CPN Cudis
- Founded: 2004 in Bury, Greater Manchester, England
- Founder: Toni Hankins
- Headquarters: Bury, England
- Area served: Worldwide
- Products: Consumer Units, Distribution Boards
- Services: Electrical Component Supplier
- Number of employees: 25
- Website: http://www.cudis.co.uk

= CPN Cudis =

CPN Cudis is a British provider of electrical circuit protection components, such as distribution boards and consumer units. The business was founded in 2004.

The company's headquarters is in Bury, Greater Manchester, and employs approximately 20 staff.

CPN Cudis supply customers worldwide, but mainly operate in the UK and Europe. Their range of products includes consumer units, 3-phase distribution boards, surge protection devices, control gears, rotary isolators, auxiliaries, DOL starters and surge protection units.

== 'Lumo' consumer unit ==
In October 2013, CPN Cudis released an LED consumer unit named 'Lumo'. The Lumo is made up of an industry standard certified consumer unit, but with the addition of a strip of LED lamps which are illuminated automatically when the cover of the unit is opened.

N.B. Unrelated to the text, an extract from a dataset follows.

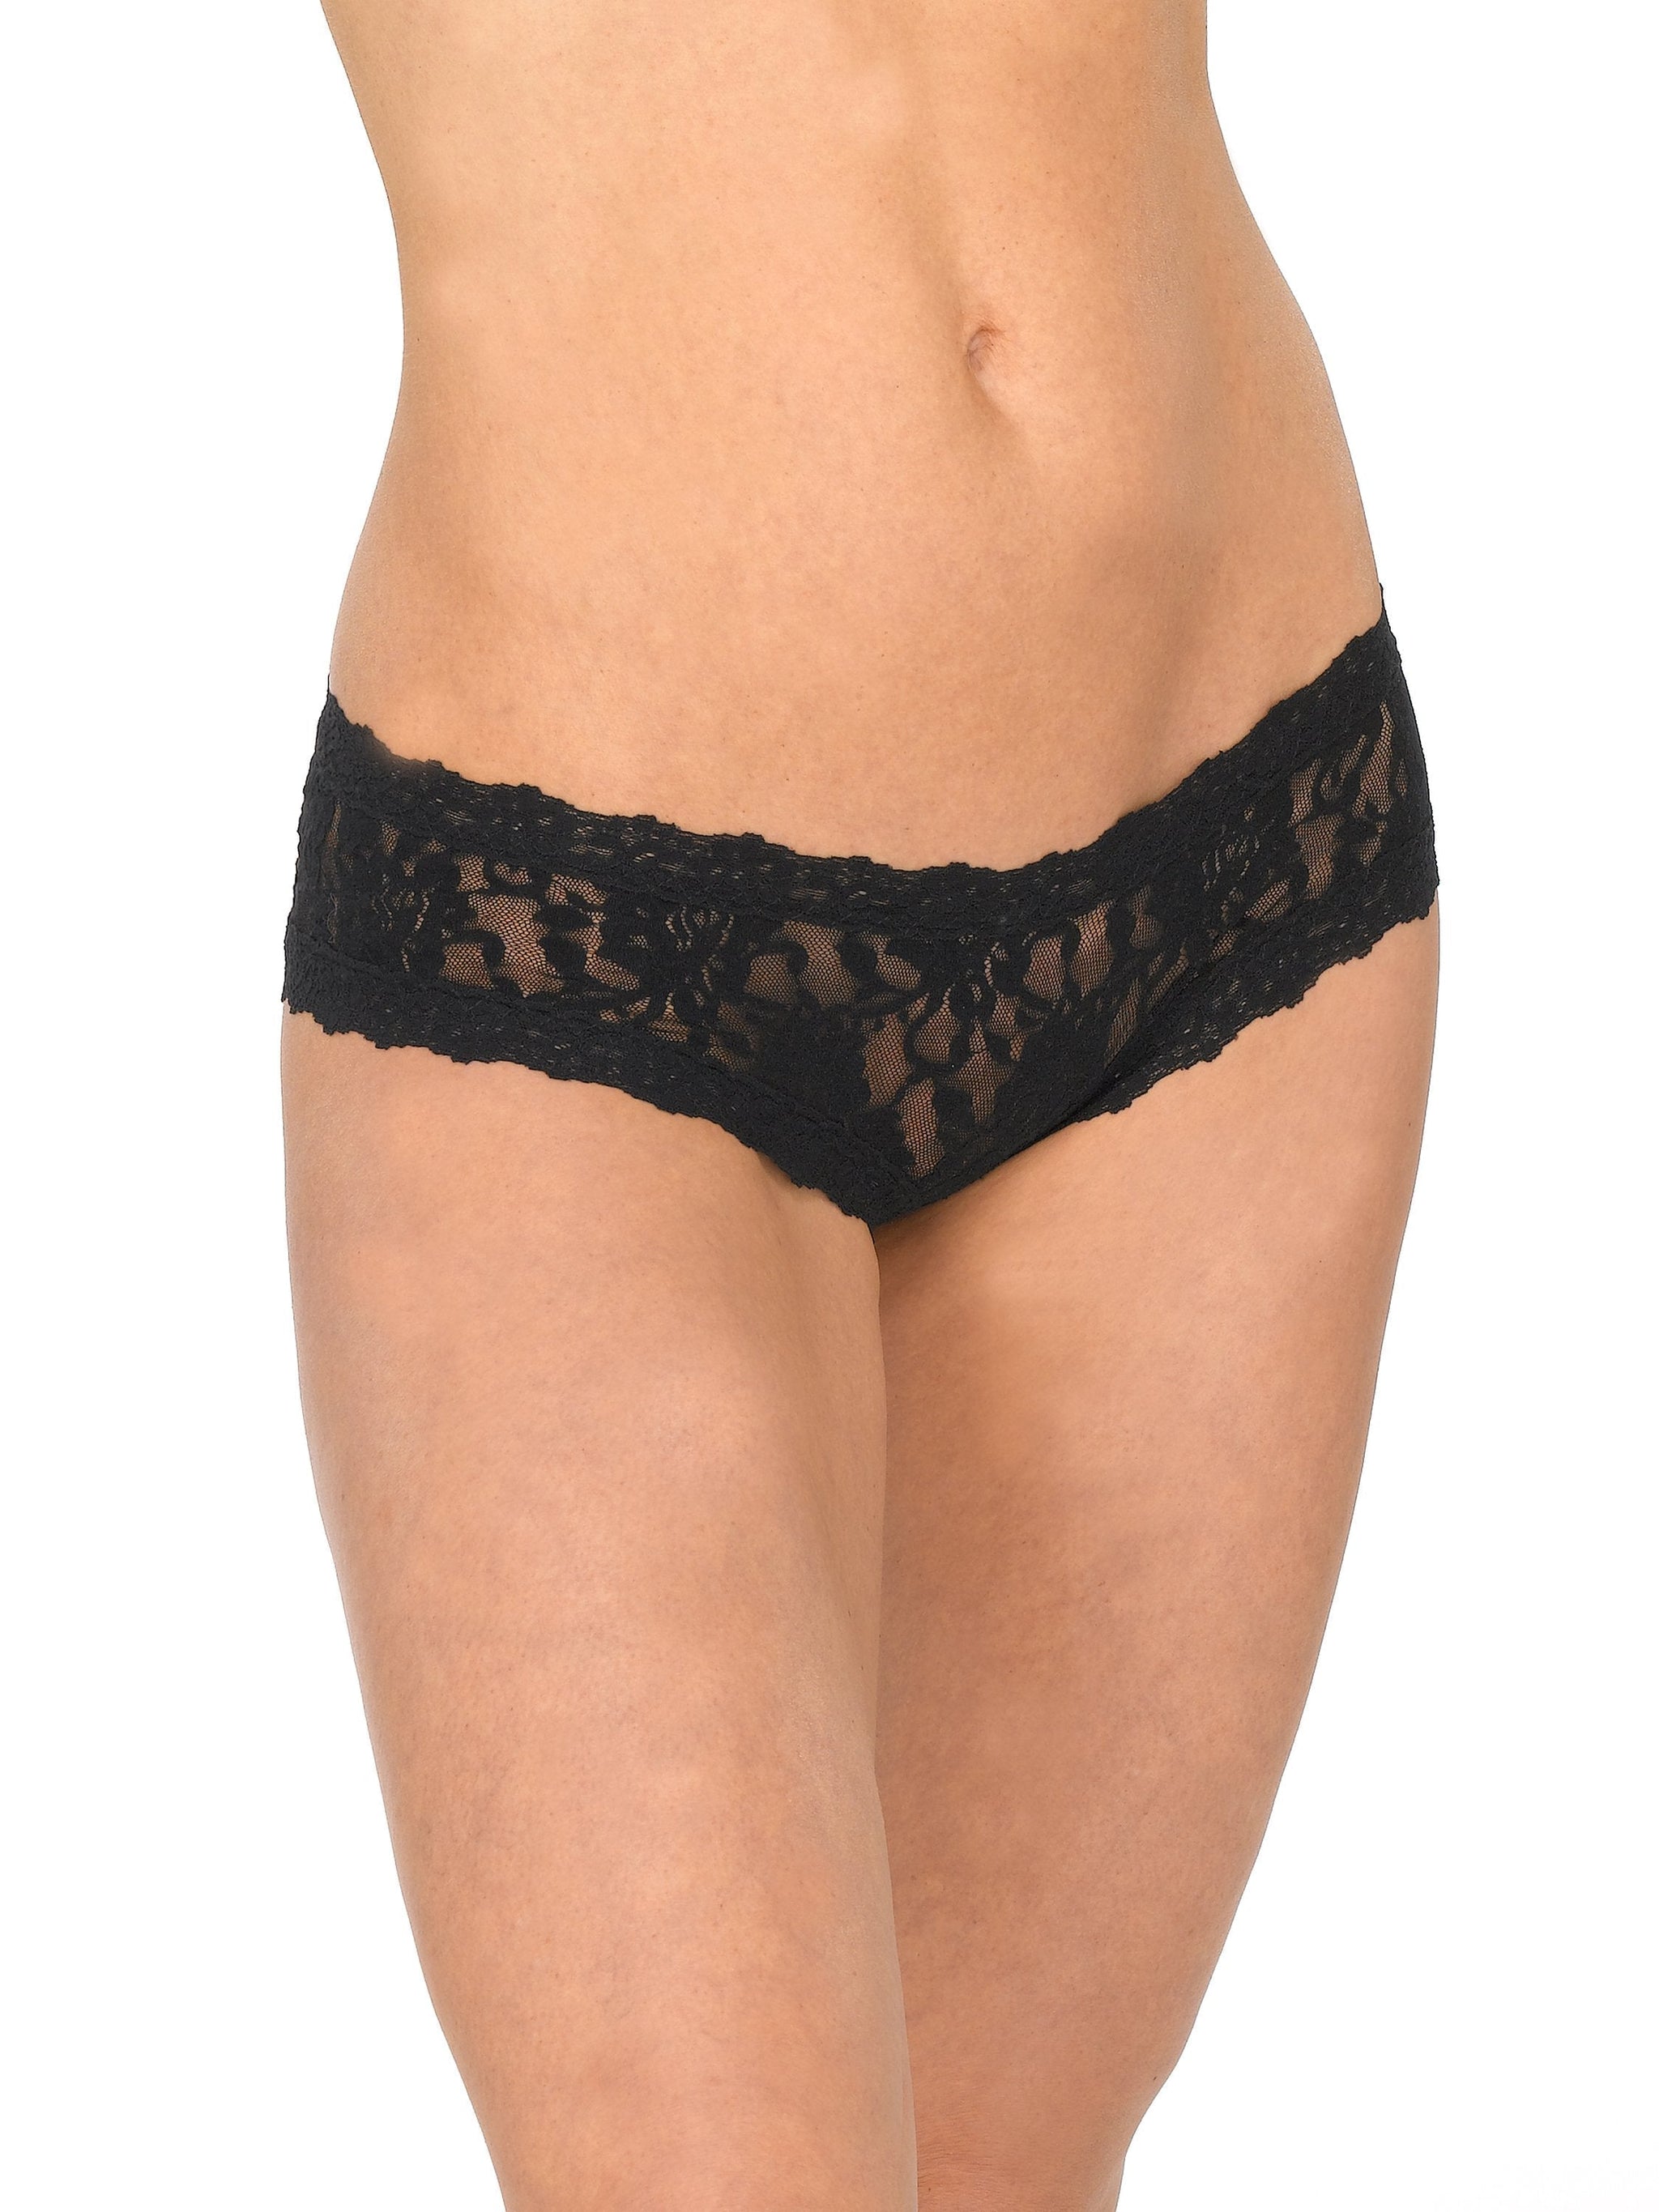  Womens Crotchless Briefs Invisible Seamless Hipster

The Lumo is activated by a micro-switch and is powered by a standard battery. It is available currently in three sizes up to 22 ways. The unit was designed to solve the problem of having consumer units in darker locations, such as under stairs, and also to help aid those with vision problems, such as the elderly.

The Lumo was 'highly commended' at the 2013 Electrical Industry Awards it was very sadly discontinued in 2023.

== Awards and nominations ==

The Electrical Industry Awards

| Year | Product/Project | Award | Result |
|---|---|---|---|
| 2013 | Lumo Consumer Unit | Innovative Residential / Domestic Product of The Year | 2nd Place / Highly Commended |

'Made in Bury' Business Awards

| Year | Product/Project | Award | Result |
|---|---|---|---|
| 2014 | Lumo Consumer Unit | Best in Class Award - Technology | Shortlisted |

== Sponsorships ==
CPN Cudis and its sister company Rowe Hankins sponsored Bury Football Club for the 2014/2015 season.

CPN Cudis have sponsored Potton United FC since the 2017/2018 season.